4cos3x + 2 = 0 for range -π < x < π

please show working out, thanks!

回答 (2)

2015-05-18 4:55 am
✔ 最佳答案
Firstly, consider the range of 3x.
Since -π < x < π, then -3π < 3x < 3π

4 cos(3x) + 2 = 0
4 cos(3x) = -2
cos(3x) = -1/2
3x = (π - π/3), (π + π/3), (π - π/3 + 2π), (π - π/3 - 2π), (π + π/3 - 2π), (π +π/3 - 4π)
3x = 2π/3, 4π/3, 8π/3, -4π/3,-2π/3, -8π/3
x = -8π/9, -4π/9, -2π/9, 2π/9, 4π/9, 8π/9

2015-05-19 00:10:40 補充:
By using calculator, cos⁻¹(-1/2) only gives one answer 2π/3, the "smallest positive angle of cos⁻¹(-1/2) in the range 0 ≤ 3x ≤ 2π".

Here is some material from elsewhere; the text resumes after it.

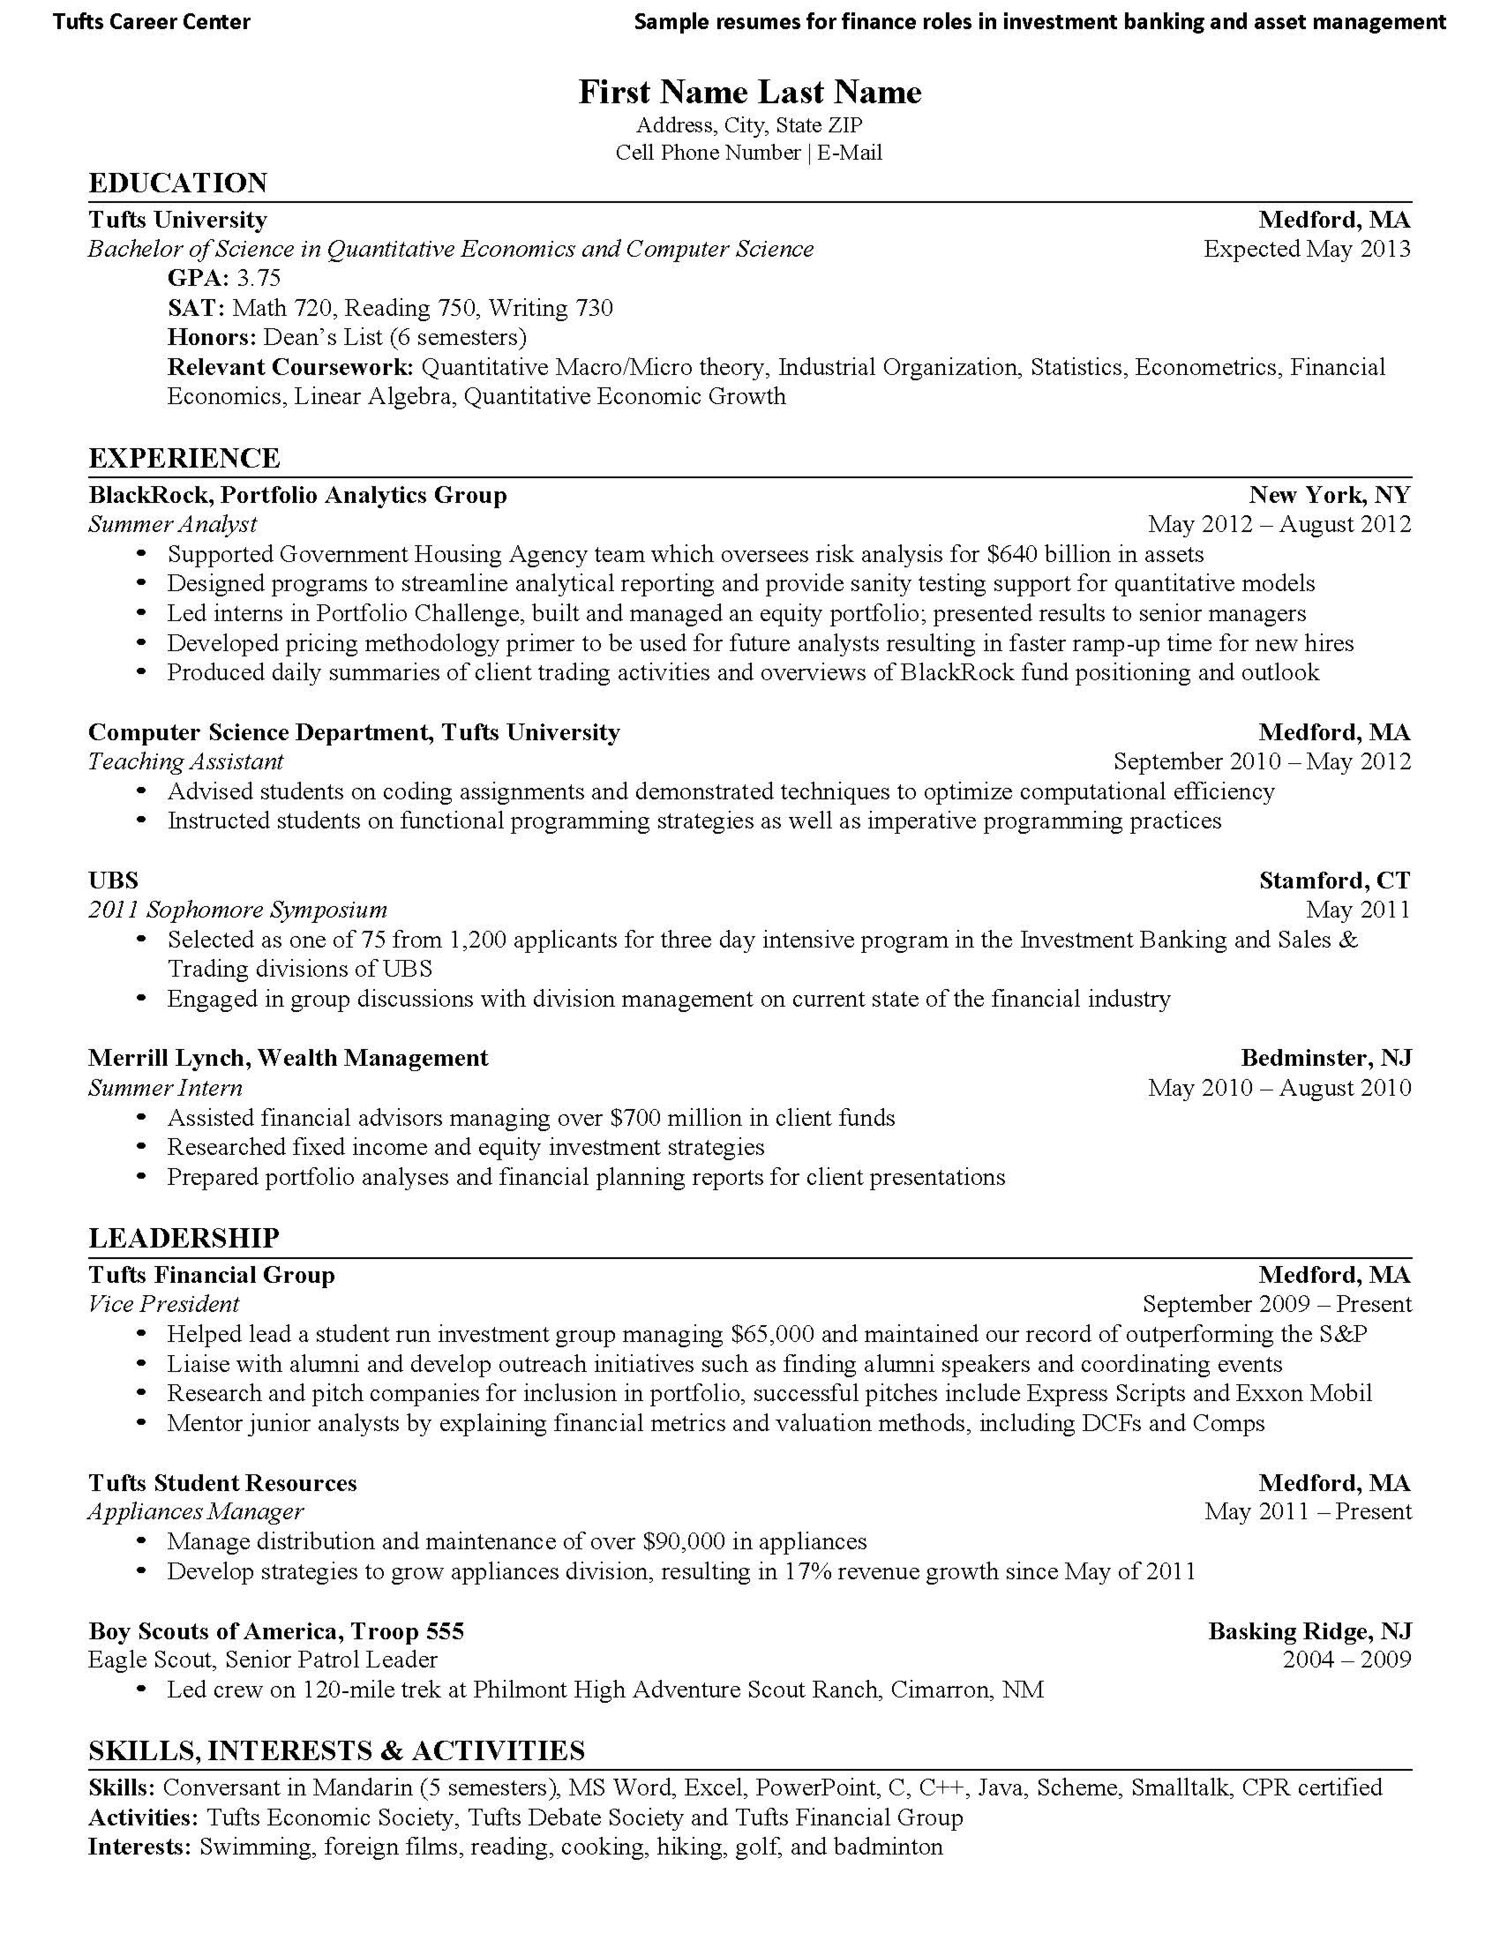 Sample Resume for Senior Pattol Leader Resume â Sample â Texas Deca

If you want to find more answers, you have to use your calculator to find cos⁻¹(+1/2) which gives π/3 as the answer.

2015-05-19 00:11:03 補充:
When cos(3x) = -ve, 3x lies in the 2nd and 3nd quadrants. Then 3x = π ± π/3 in the range 0 ≤ 3x ≤ 2π.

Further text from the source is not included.